While the PH assumption is central to the Cox model, its actual importance is debated. While some authors stress the importance, 25 , 26 others de-emphasize it and take the view that the HR can still be viewed as an average effect during the observation period when the assumption is violated. Several methods to check this and other assumptions have been suggested, and we refer to previous literature on the topic for a detailed overview.

The Cox PH model assumes the covariates to be time-independent—in other words, the values of the variable of each patient eg, gender and age at time of diagnosis do not change over time.
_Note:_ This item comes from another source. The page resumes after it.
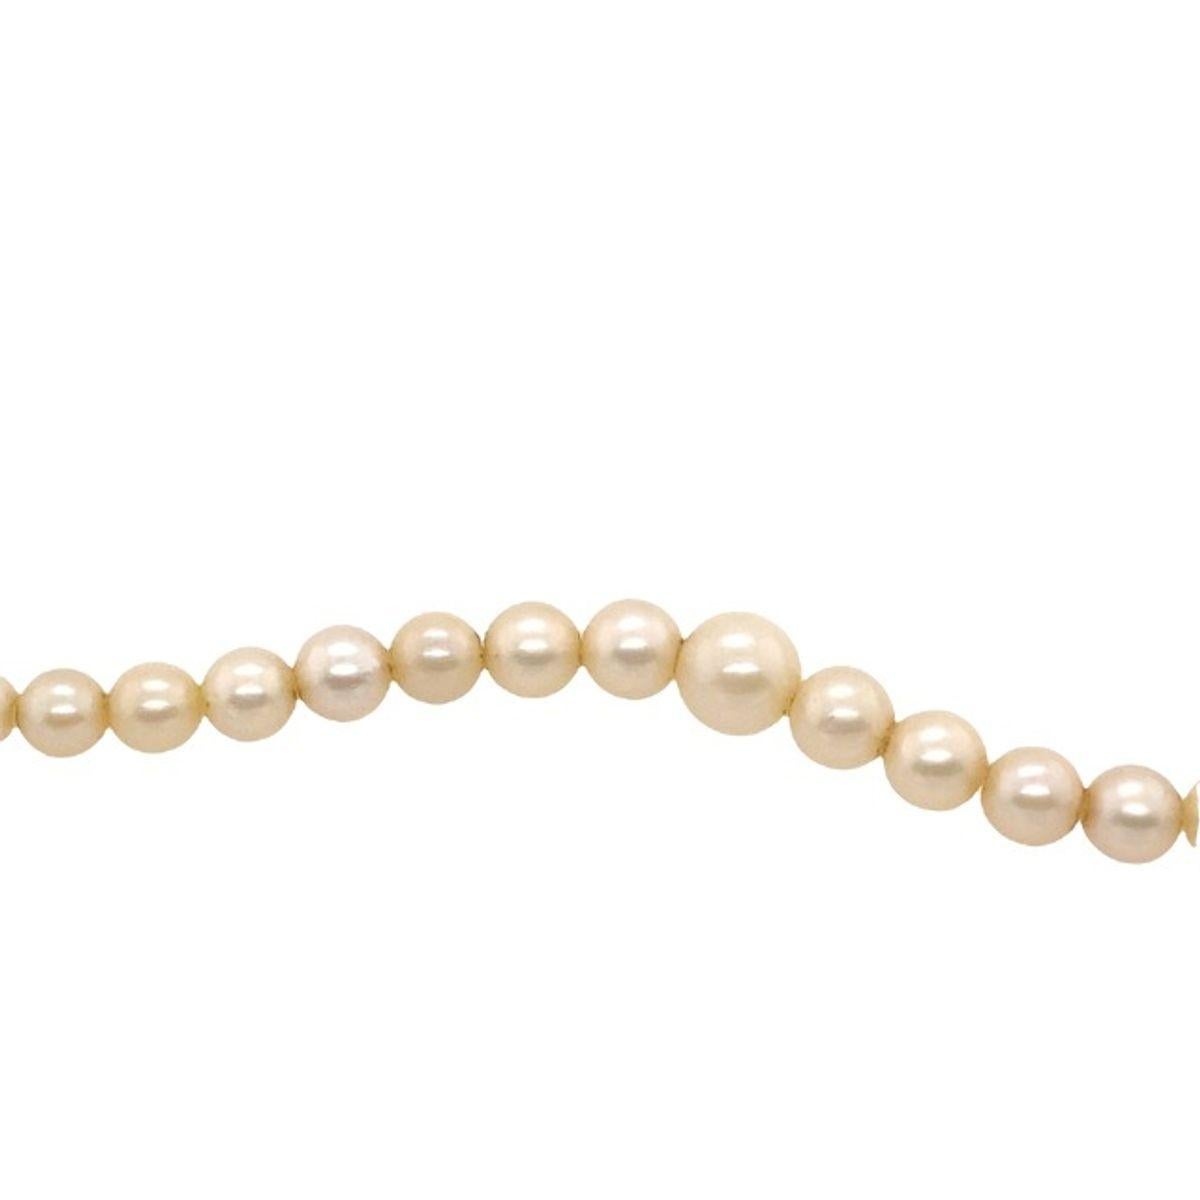 Graduated Cultured Pearl Necklace with Silver Clasp & Safety Chain In Excellent Condition For Sale In London, GB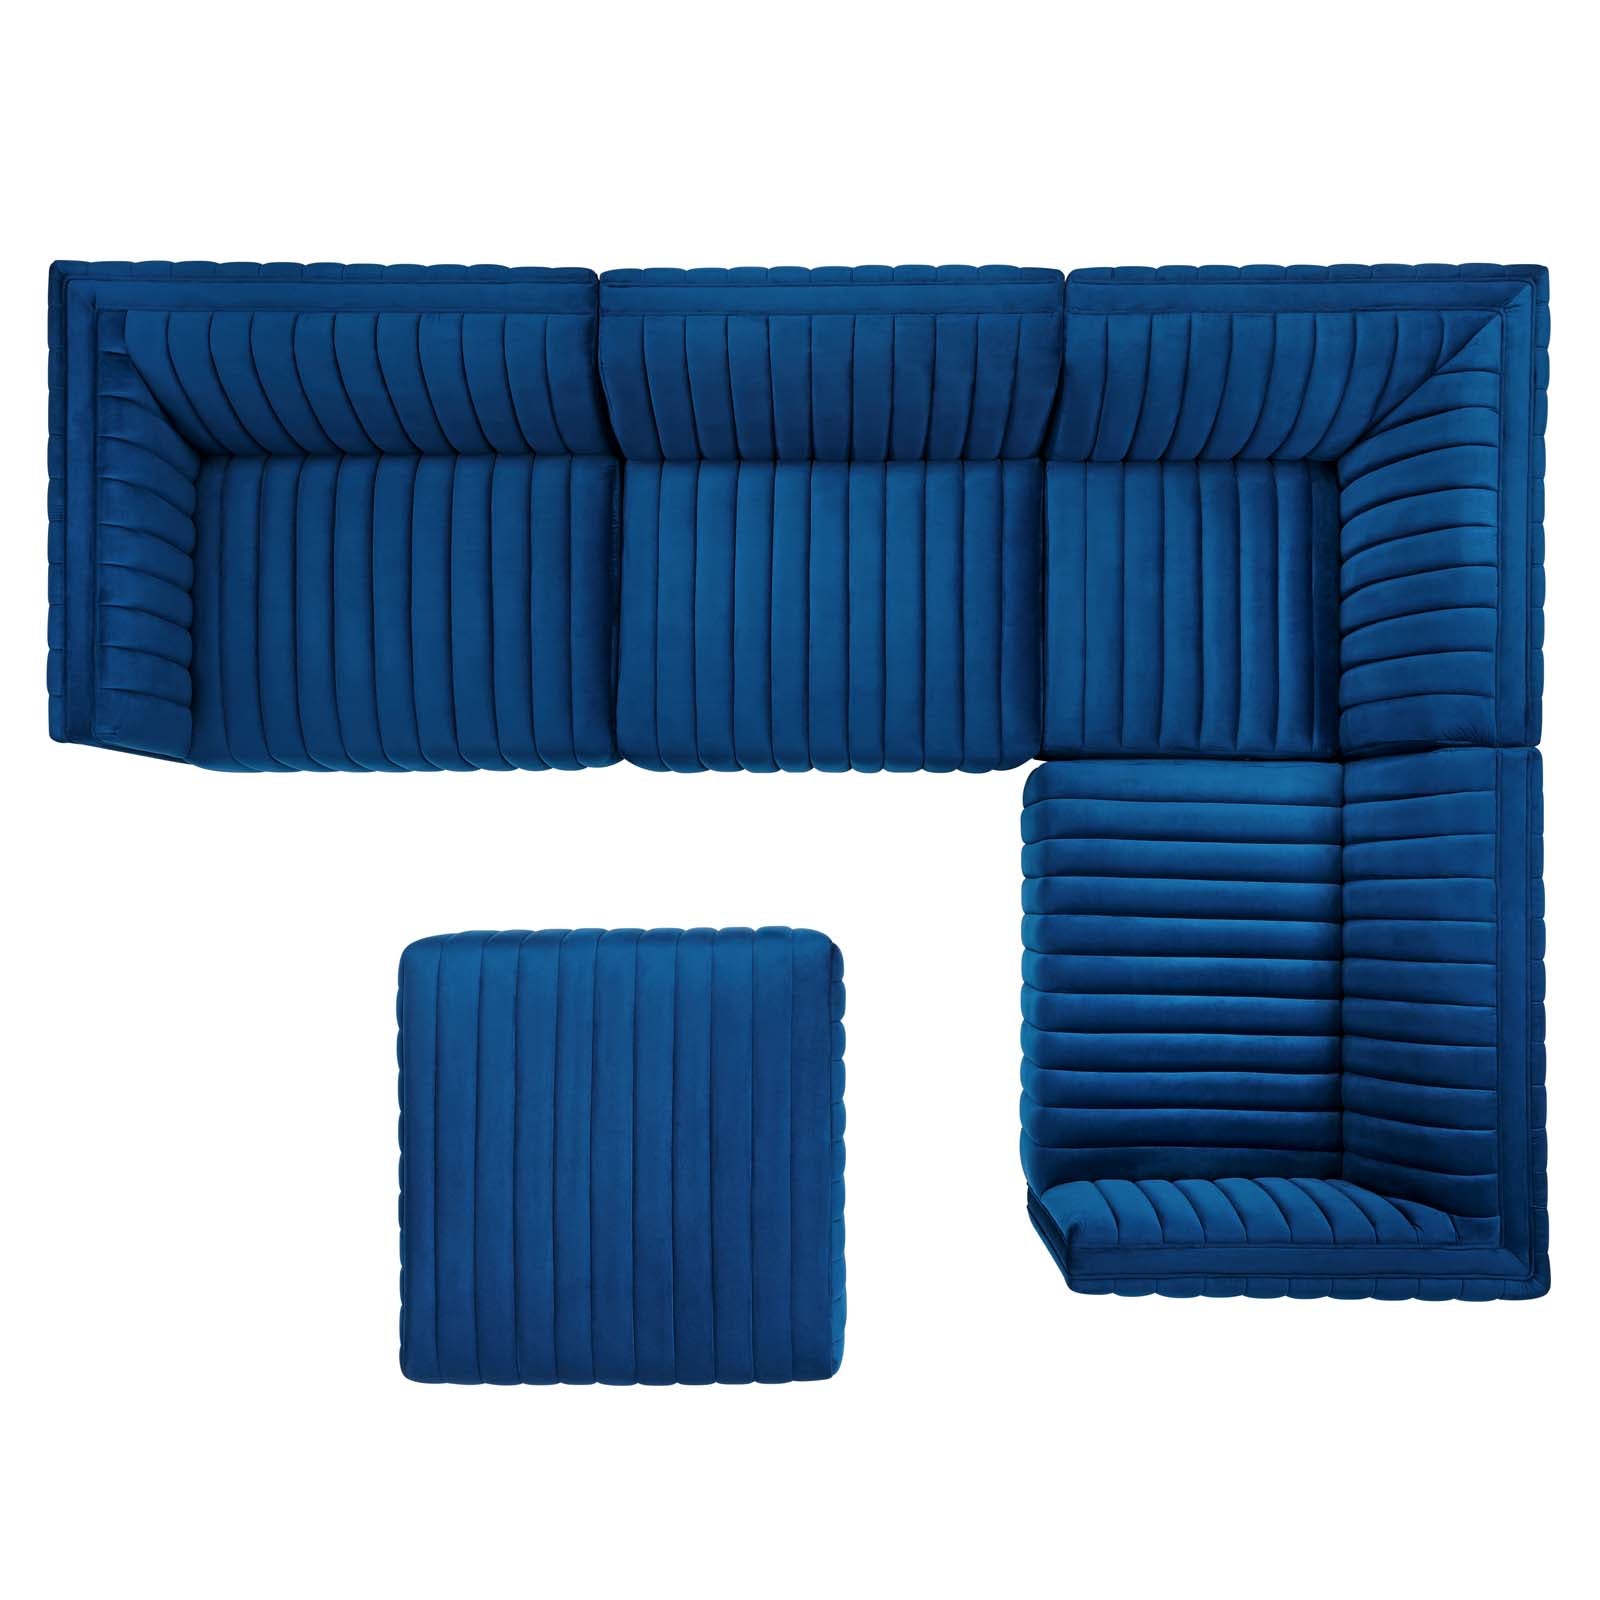 Conjure Channel Tufted Performance Velvet 5-Piece Sectional-Sectional-Modway-Wall2Wall Furnishings

1. Big Picture. Making God the Main Focus of Your Life!
2. Time-To-Event Data Analysis | Columbia University Mailman School of Public Health?
3. Forensic Science, Medicine and Pathology Vol 6, issue 4, December 2010!

Extensions of the Cox model are available that allow for covariates that vary over time eg, blood pressure recordings at follow-up time points. Nonparametric and semiparametric methods are commonly used to analyze survival data in anesthesia, critical care, perioperative, and pain research. In their retrospective cohort study, Huang et al 29 sought to identify predictors of long-term survival in patients after lung cancer surgery.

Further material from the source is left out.